Effect of Asciminib on Other Drugs
Certain CYP3A4 Substrates
Asciminib is a CYP3A4 inhibitor. Concomitant use of asciminib increases the Cmax and AUC of CYP3A4 substrates, which may increase the risk of adverse reactions of these substrates.
Closely monitor for adverse reactions in patients treated with asciminib at 80 mg total daily dose with concomitant use of certain CYP3A4 substrates, where minimal concentration changes may lead to serious adverse reactions. Avoid coadministration of asciminib at 200 mg twice daily with certain CYP3A4 substrates, where minimal concentration changes may lead to serious adverse reactions.
CYP2C9 Substrates
Asciminib is a CYP2C9 inhibitor.
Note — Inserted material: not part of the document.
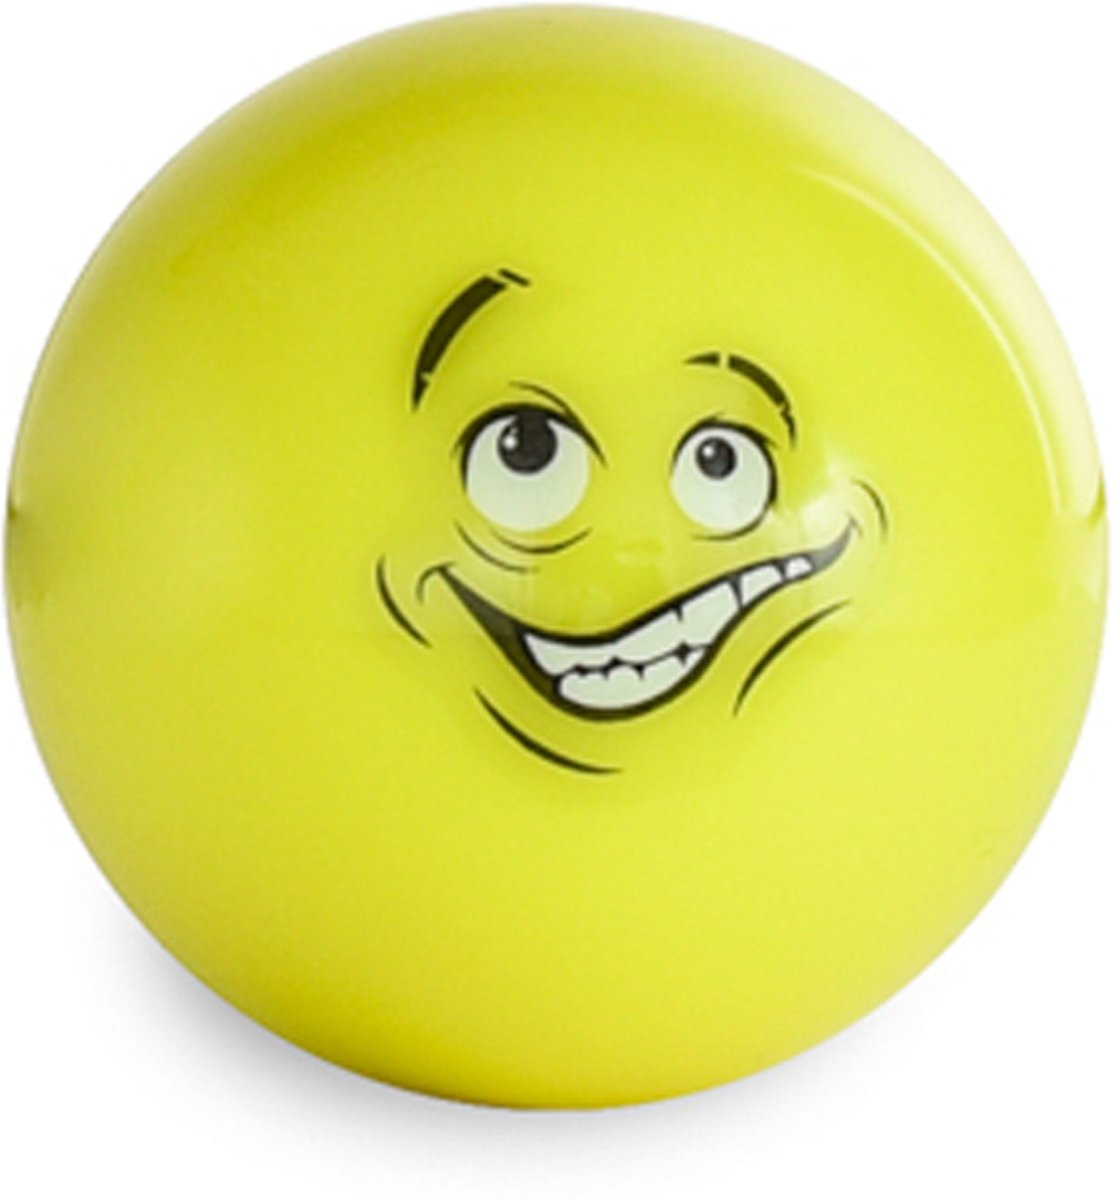 Brabo Hockeybal - geel kopen

Concomitant use of asciminib increases the Cmax and AUC of CYP2C9 substrates, which may increase the risk of adverse reactions of these substrates.
Avoid coadministration of asciminib at 80 mg total daily dose with certain CYP2C9 substrates, where minimal concentration changes may lead to serious adverse reactions. If coadministration is unavoidable, reduce the CYP2C9 substrate dosage as recommended in its prescribing information.
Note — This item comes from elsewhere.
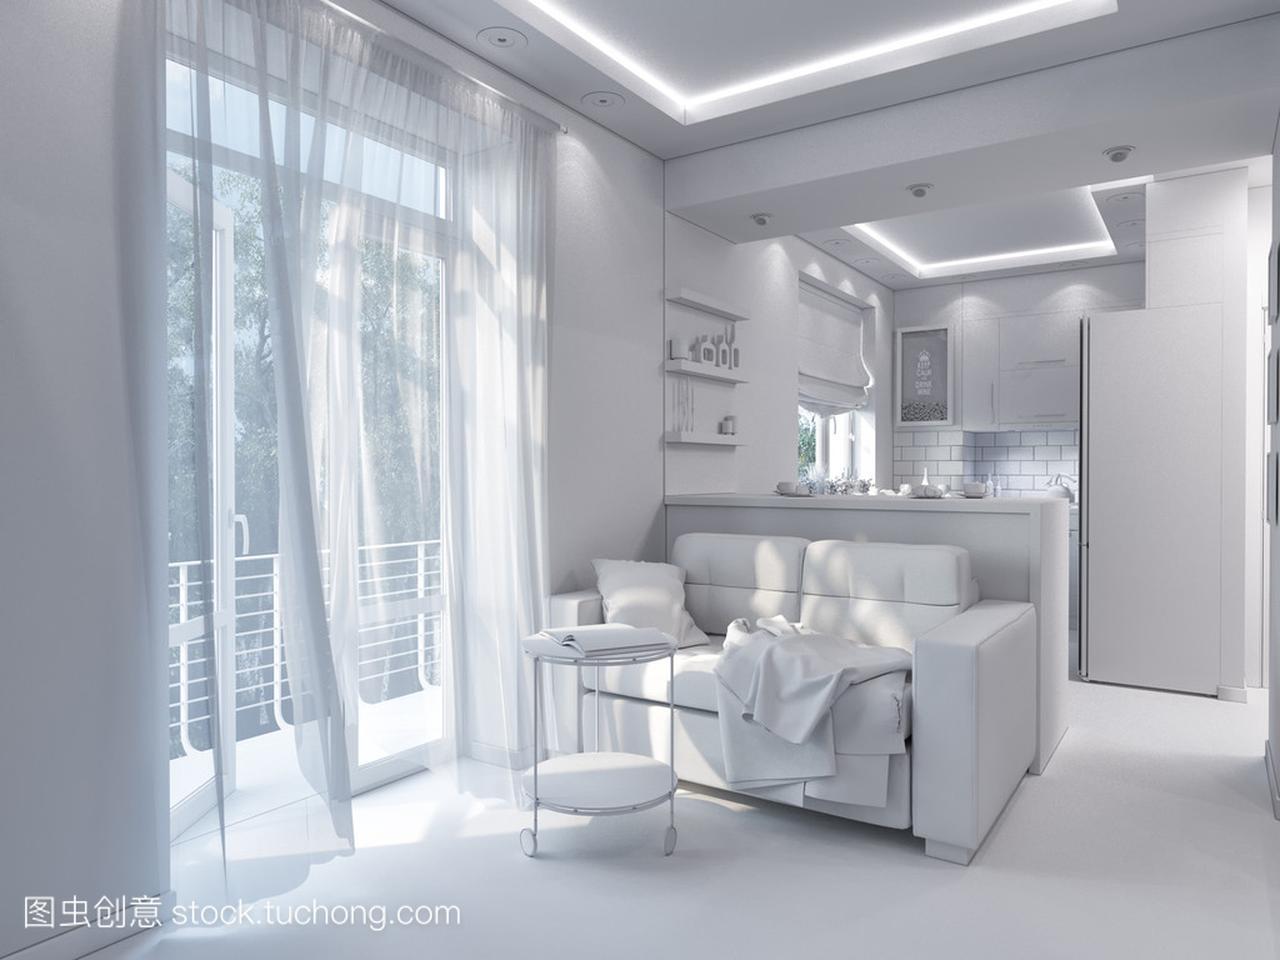 3d渲染梧桐室内设计浩创客厅单位景观设计花语图片

Avoid coadministration of asciminib at 200 mg twice daily with sensitive CYP2C9 substrates and certain CYP2C9 substrates, where minimal concentration changes may lead to serious adverse reactions. If coadministration is unavoidable, consider alternative therapy with a non-CYP2C9 substrate.
Certain P-gp Substrates
Asciminib is a P-gp inhibitor. Concomitant use of asciminib increases the plasma concentrations of P-gp substrates, which may increase the risk of adverse reactions of these substrates.
Closely monitor for adverse reactions in patients treated with asciminib at all recommended doses with concomitant use of P-gp substrates, where minimal concentration changes may lead to serious toxicities.
Substrates of BCRP
Asciminib is a BCRP inhibitor. Concomitant use of asciminib may increase the plasma concentration of BCRP substrates, which may increase the risk of adverse reactions associated with these substrates.
Avoid coadministration of asciminib at all recommended doses with rosuvastatin . Closely monitor for adverse reactions in patients treated with asciminib at all recommended doses with concomitant use of other BCRP substrates. Reduce the dosage of the other BCRP substrates as recommended in their Prescribing Information when used concomitantly with asciminib at all recommended doses.
Pregnancy and Lactation
Pregnancy: Based on findings from animal studies and the mechanism of action, asciminib can cause embryo-fetal harm when administered to a pregnant woman. There are no available data on this medical product use in pregnant women to evaluate a drug associated risk. Advise pregnant women and females of reproductive potential of the potential risk to a fetus. Females of reproductive potential should use effective contraception during treatment and for 1 week after the last dose.
Lactation: There are no data on the presence of asciminib or its metabolites in human milk, the effects on the breastfed child, or milk production. Because of the potential for serious adverse reactions in the breastfed child, advise women not to breastfeed during treatment and for 1 week after the last dose.